In Scripture, time is never a mechanical abstraction. It is always a witness‑anchored reality.
Days begin when someone sees the first three stars.
Months begin when someone sees the new moon.
Feasts begin when authorized witnesses testify and the priests declare the moment.
Sacred time is not calculated—it is observed, confirmed, and proclaimed.
This same pattern appears in modern global events. When the astronauts splashed down yesterday, the event was witnessed simultaneously across the world. Yet the broadcast I watched only referenced
Eastern, Central, and Pacific time. It ignored every other time zone, even though the moment was globally visible.
The event itself spanned all 24 hours of the earth’s rotation—morning in some places,
evening in others, night in others—yet the narrative collapsed into a few local time references for a core audience.
This is exactly how the Hebrew mind handles witness. Many may see, but only a few authorized perspectives are used to “fix” the moment in communal memory.

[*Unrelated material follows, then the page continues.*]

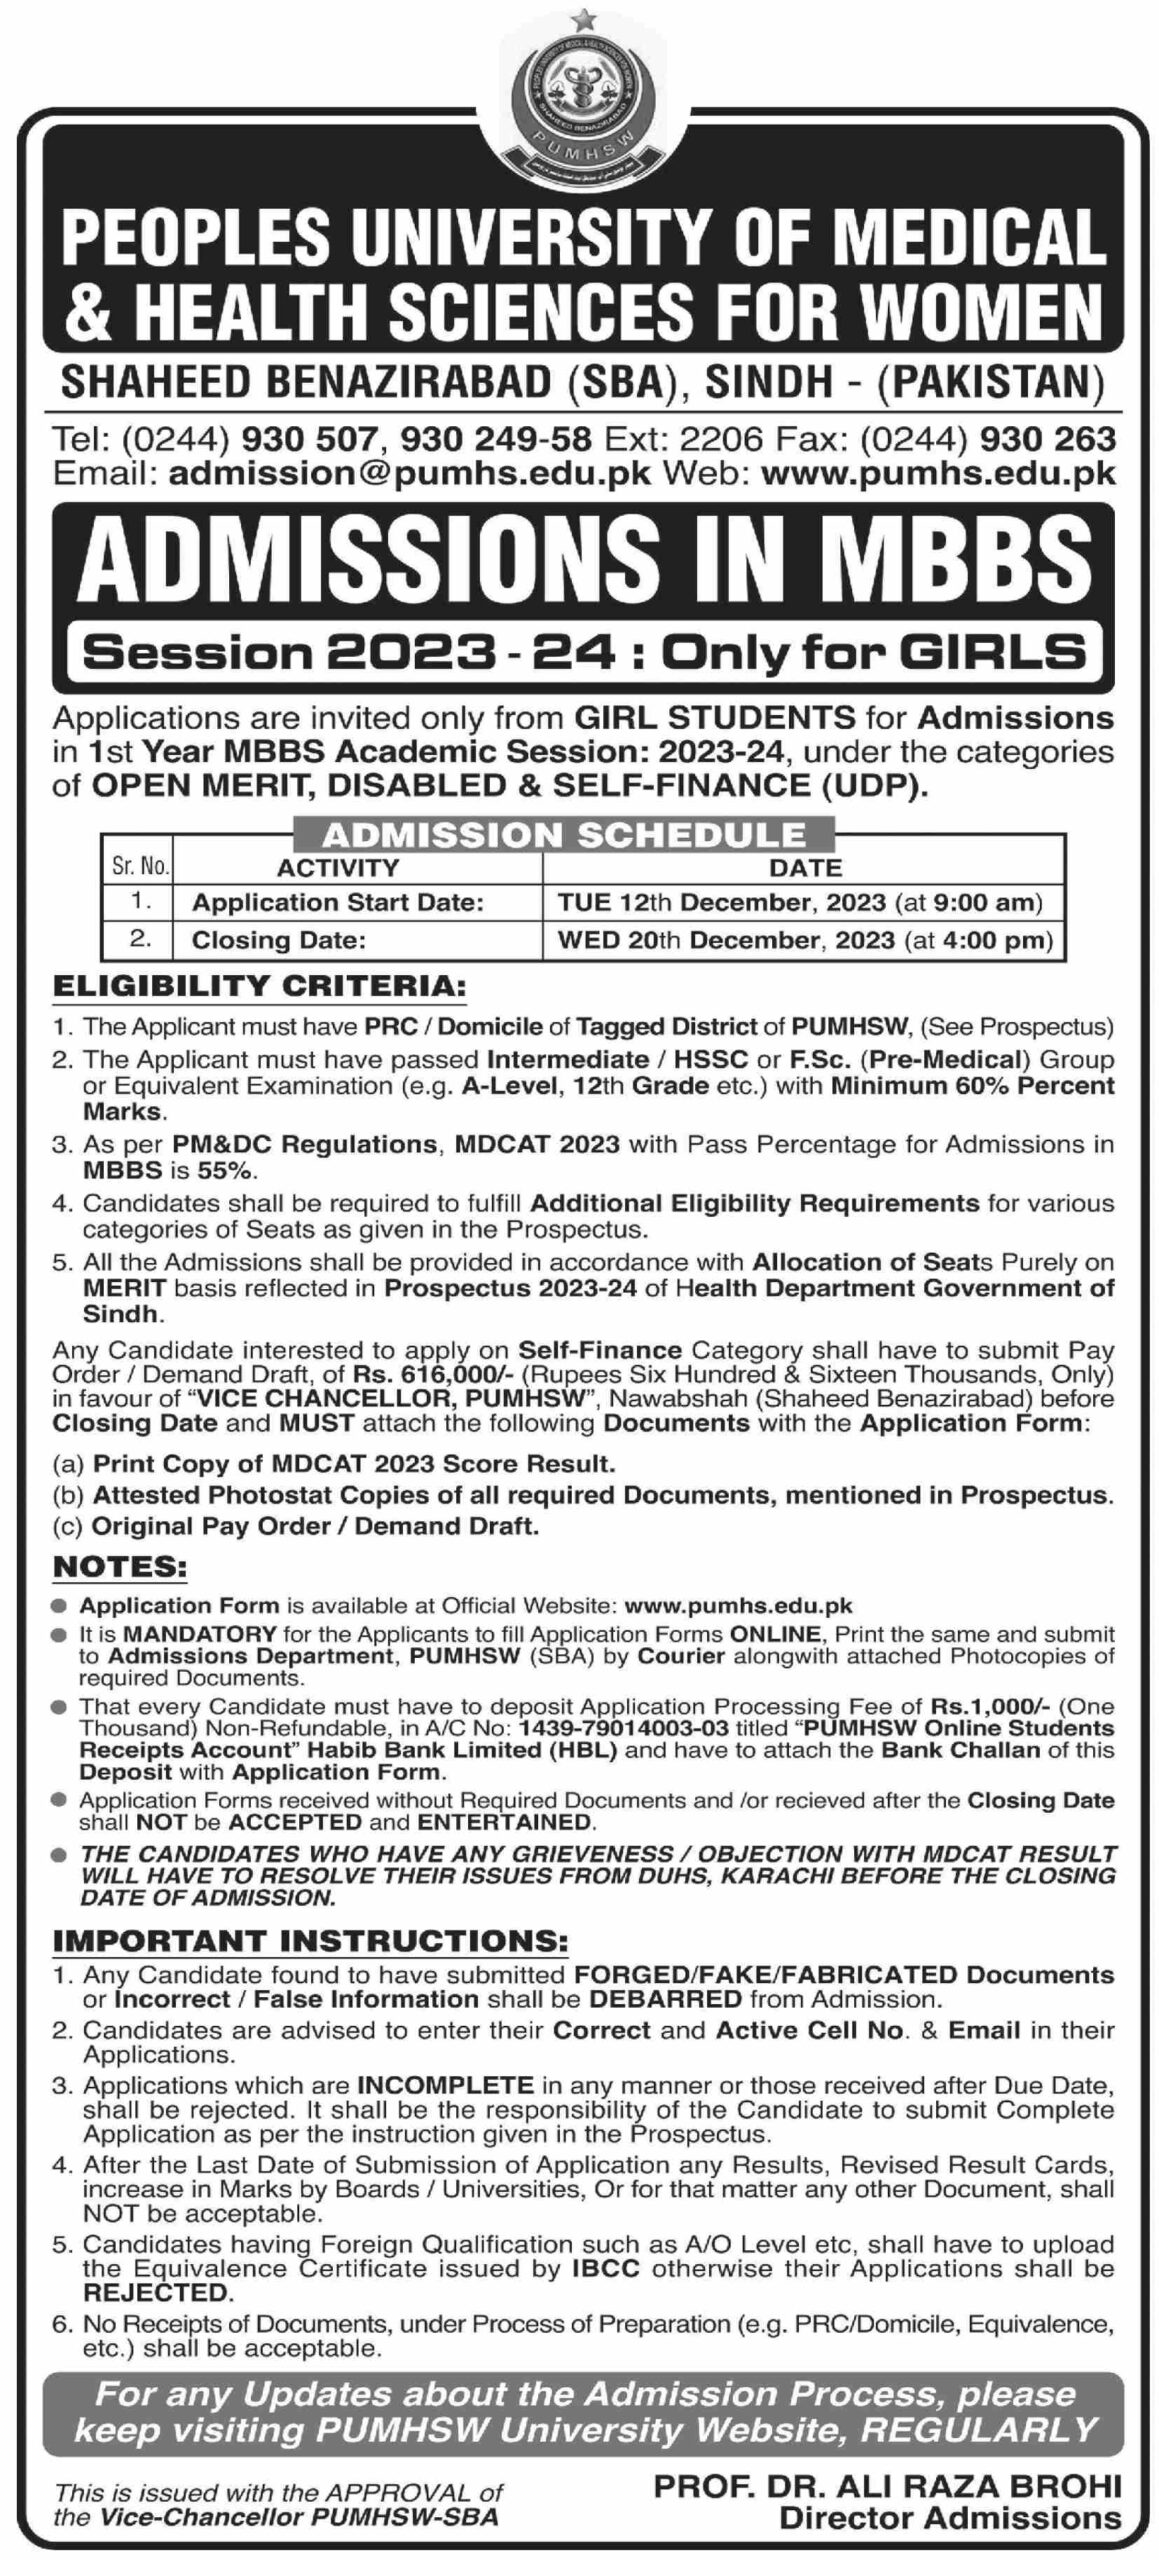 Peoples University of Medical And Health Sciences For Women Shaheed Benazirabad Sindh Pakistan Admissions in MBBS
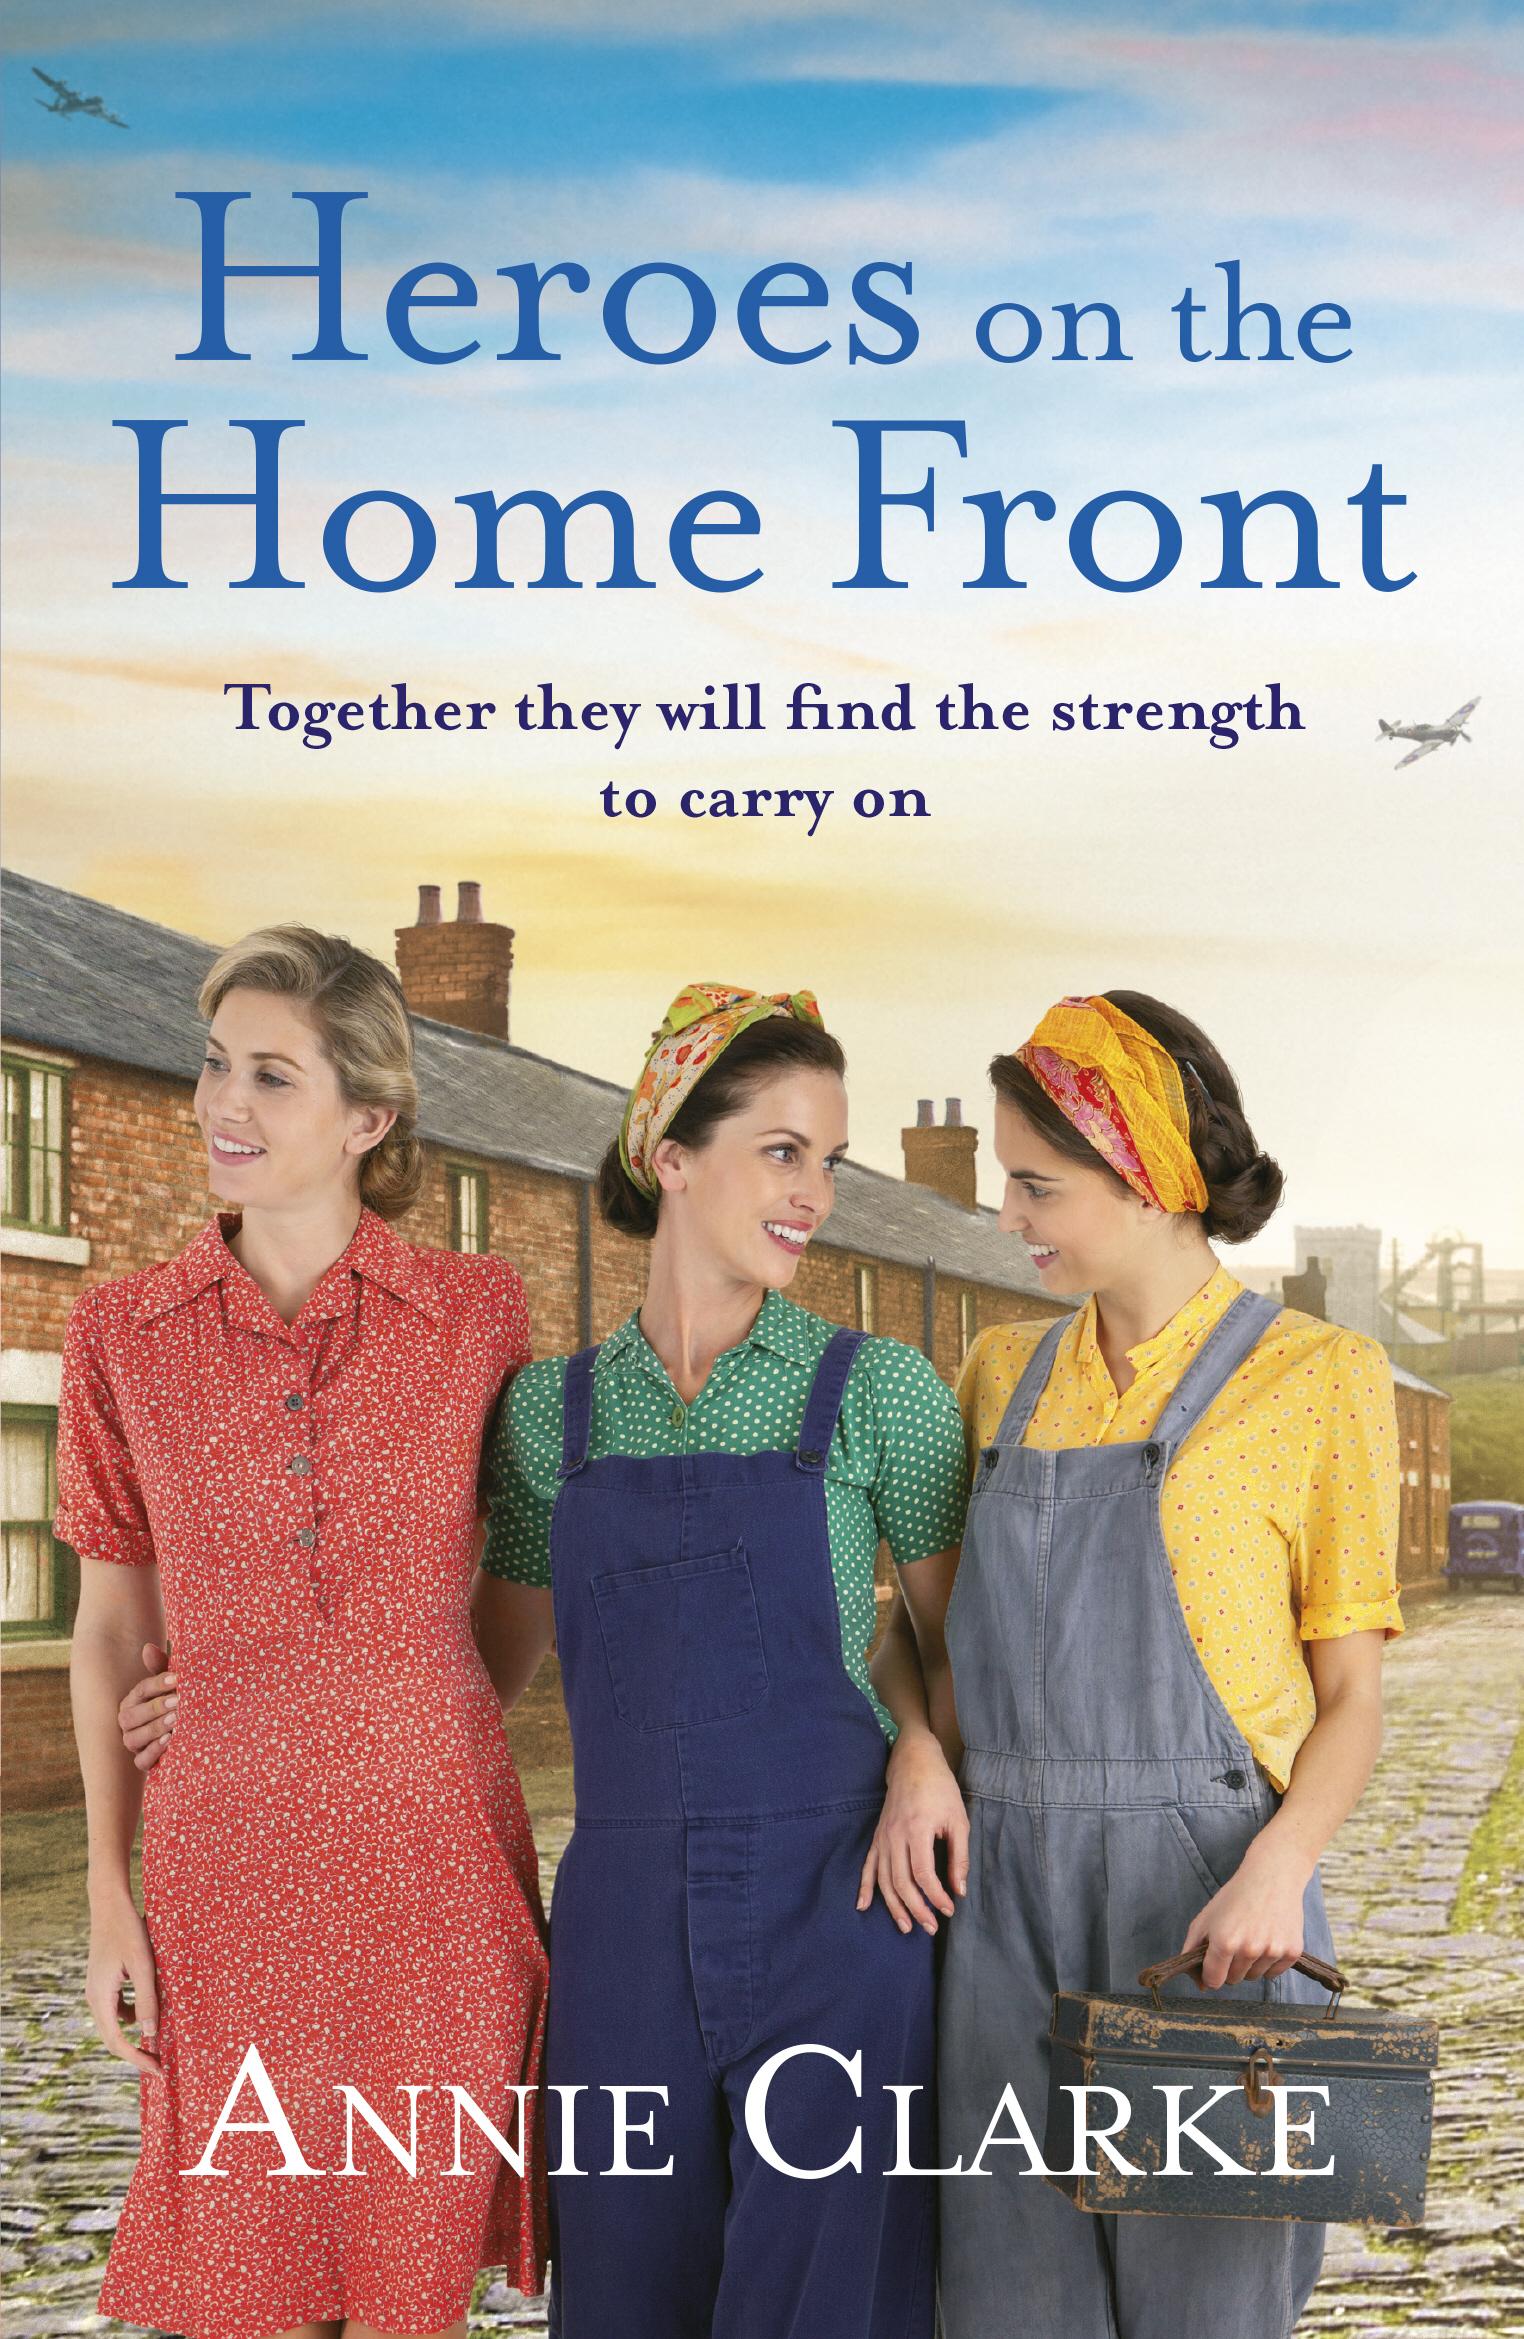 Heroes on the Home Front - Annie Clarke

The rest are disregarded as definers of the moment.
The new moon might be seen by hundreds, but only two or three witnesses are accepted.
The priests then declare the month. The entire nation’s experience collapses into a single authoritative timeline.
The Gospel itself follows this pattern. Many saw Jesus, but only a small circle of chosen witnesses testified in a way that became the authoritative narrative for the world. Christianity is not a calculator-based religion—it is a witness-based reality.
This is why Christ’s return is described the way it is. A global event cannot occur on a single local day or within a single local hour. It will be morning for some, night for others, yesterday for some, tomorrow for others. People will be working in daylight and sleeping in darkness at the same instant.
Like lightning flashing across the sky, it will be one event experienced differently by every observer, yet centered in each witness’s own horizon.
And just as with the lunar splashdown broadcast, human language will collapse that global moment into a few authoritative witness perspectives. The event itself will transcend “day” and “hour,”
but the narrative will still be framed locally—because that is how witness works.
This is the deeper meaning behind Jesus’ words that no one knows the day or the hour.
Not because the moment is hidden, but because a global, horizon-anchored, witness-based event cannot be confined to a single day or hour in the first place. Sacred time is revealed through witness, not mathematics.